The [gravitino-fileset-example](https://github.com/apache/gravitino-playground/blob/main/init/jupyter/gravitino-fileset-example.ipynb)
contains the following code snippets:

1. Install HDFS Python client.
2. Create a HDFS client to connect HDFS and to do some test operations.
3. Install Gravitino Python client.
4. Initialize Gravitino admin client and create a Gravitino metalake.
5. Initialize Gravitino client and list metalakes.
6. Create a Gravitino `Catalog` and special `type` is `Catalog.Type.FILESET` and `provider` is
   [hadoop](https://gravitino.apache.org/docs/latest/hadoop-catalog/)
7. Create a Gravitino `Schema` with the `location` pointed to a HDFS path, and use `hdfs client` to
   check if the schema location is successfully created in HDFS.
8. Create a `Fileset` with `type` is [Fileset.Type.MANAGED](https://gravitino.apache.org/docs/latest/manage-fileset-metadata-using-gravitino/#fileset-operations),
   use `hdfs client` to check if the fileset location was successfully created in HDFS.
9. Drop this `Fileset.Type.MANAGED` type fileset and check if the fileset location was
   successfully deleted in HDFS.
10. Create a `Fileset` with `type` is [Fileset.Type.EXTERNAL](https://gravitino.apache.org/docs/latest/manage-fileset-metadata-using-gravitino/#fileset-operations)
    and `location` pointed to exist HDFS path
11. Drop this `Fileset.Type.EXTERNAL` type fileset and check if the fileset location was
    not deleted in HDFS.

## How to development Apache Gravitino Python Client

You can ues any IDE to develop Gravitino Python Client.
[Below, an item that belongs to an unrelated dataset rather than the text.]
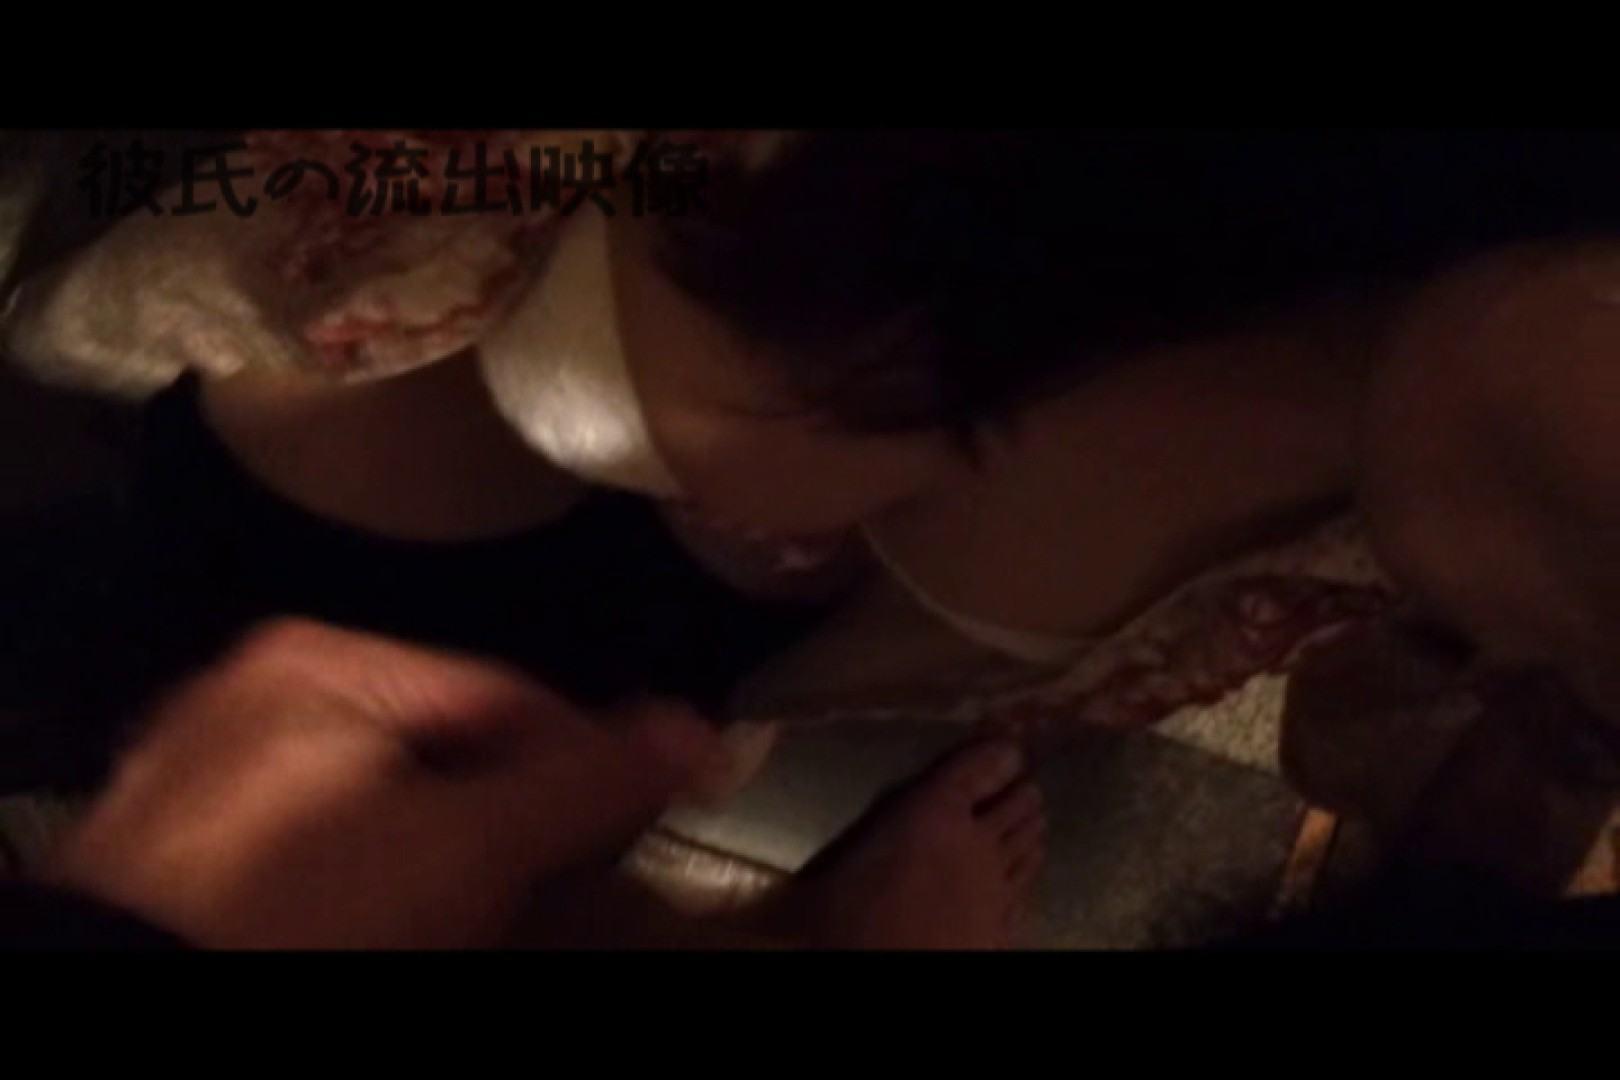 彼氏が流出 パイパン素人嬢のハメ撮り映像03 パイパン | カップル  49PIX 25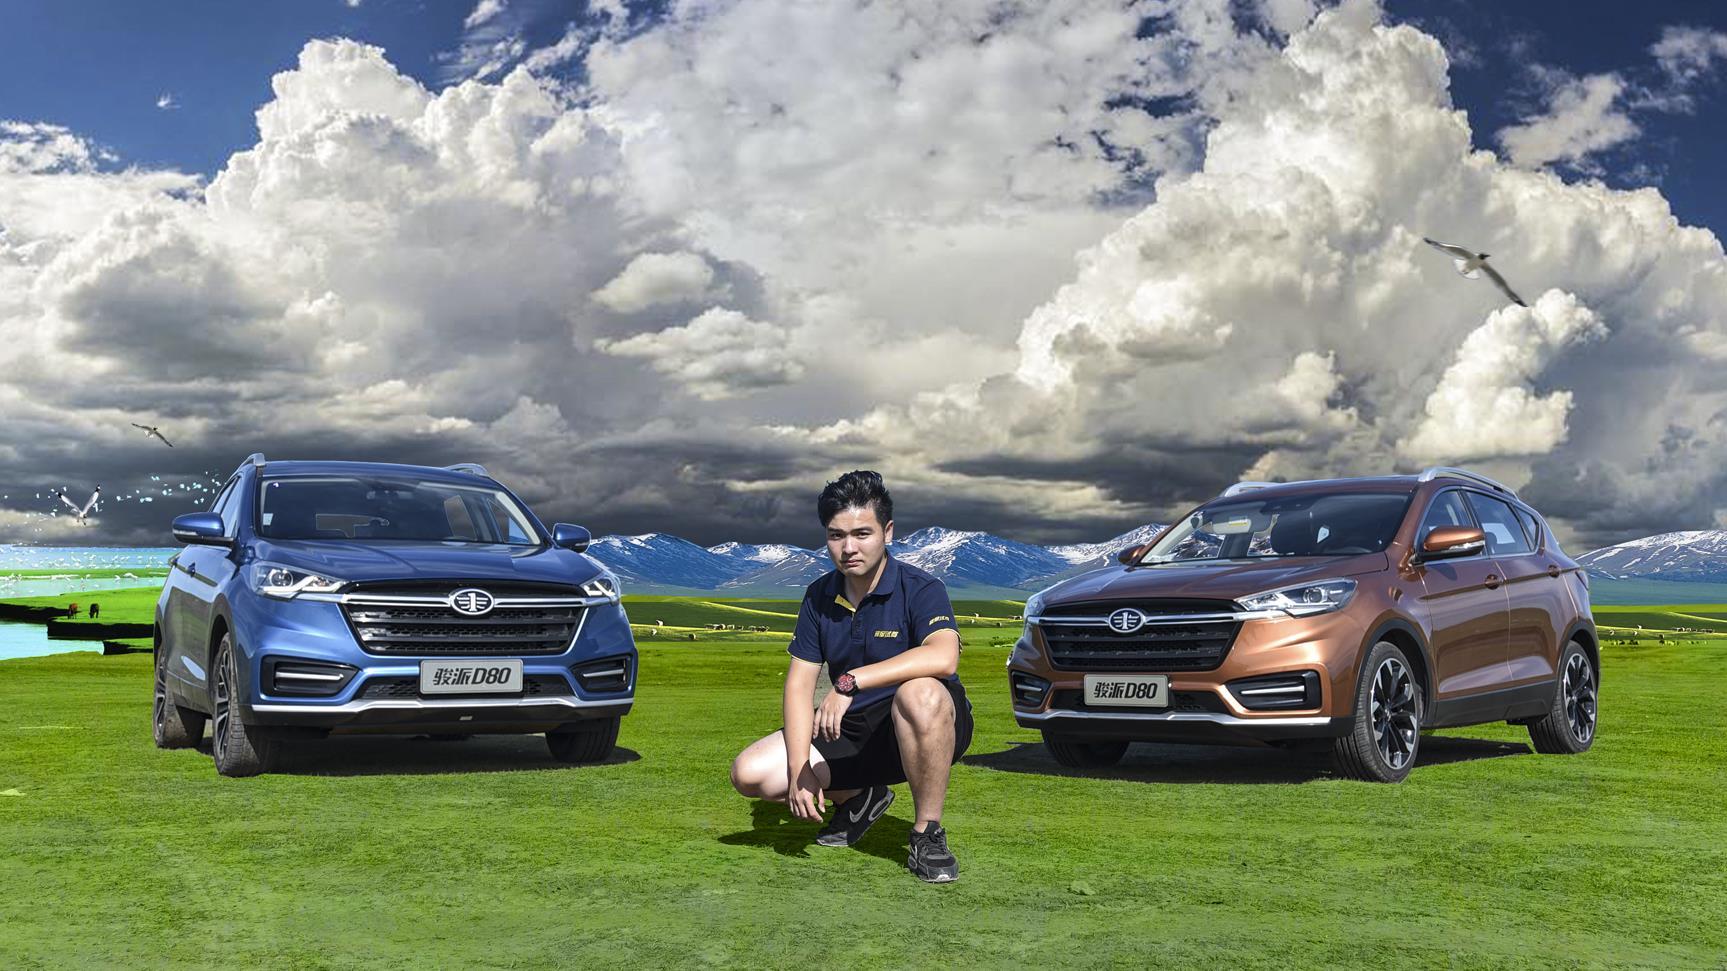 10万国产SUV穿越草原?作死出来后是啥样?

Directly open the client-python module project in the IDE.

### Prerequisites

+ Python 3.8+
+ Refer to [How to build Gravitino](https://gravitino.apache.org/docs/latest/how-to-build/#prerequisites) to have necessary build
  environment ready for building.

### Build and testing

1. Clone the Gravitino project.

    ```shell
    git clone git@github.com:apache/gravitino.git
    ```

2. Build the Gravitino Python client module

    ```shell
    ./gradlew :clients:client-python:build
    ```

3. Run unit tests

    ```shell
    ./gradlew :clients:client-python:test -PskipITs
    ```

4. Run integration tests

   Because Python client connects to Gravitino Server to run integration tests,
   So it runs `./gradlew compileDistribution -x test` command automatically to compile the
   Gravitino project in the `distribution` directory. When you run integration tests via Gradle
   command or IDE, Gravitino integration test framework (`integration_test_env.py`)
   will start and stop Gravitino server automatically.

    ```shell
    ./gradlew :clients:client-python:test
    ```

5. Distribute the Gravitino Python client module

    ```shell
    ./gradlew :clients:client-python:distribution
    ```

6. Deploy the Gravitino Python client to https://pypi.org/project/apache-gravitino/

    ```shell
    ./gradlew :clients:client-python:deploy
    ```

## Resources

+ Official website https://gravitino.apache.org/
+ Project home on GitHub: https://github.com/apache/gravitino/
+ Playground with Docker: https://github.com/apache/gravitino-playground
+ User documentation: https://gravitino.apache.org/docs/
+ Slack Community: [https://the-asf.slack.com#gravitino](https://the-asf.slack.com/archives/C078RESTT19)

## License

Gravitino is under the Apache License Version 2.0, See the [LICENSE](https://github.com/apache/gravitino/blob/main/LICENSE) for the details.

## ASF Incubator disclaimer

Apache Gravitino is an effort undergoing incubation at The Apache Software Foundation (ASF), sponsored by the Apache Incubator. 
Incubation is required of all newly accepted projects until a further review indicates that the infrastructure, communications, 
and decision making process have stabilized in a manner consistent with other successful ASF projects. 
While incubation status is not necessarily a reflection of the completeness or stability of the code, 
it does indicate that the project has yet to be fully endorsed by the ASF.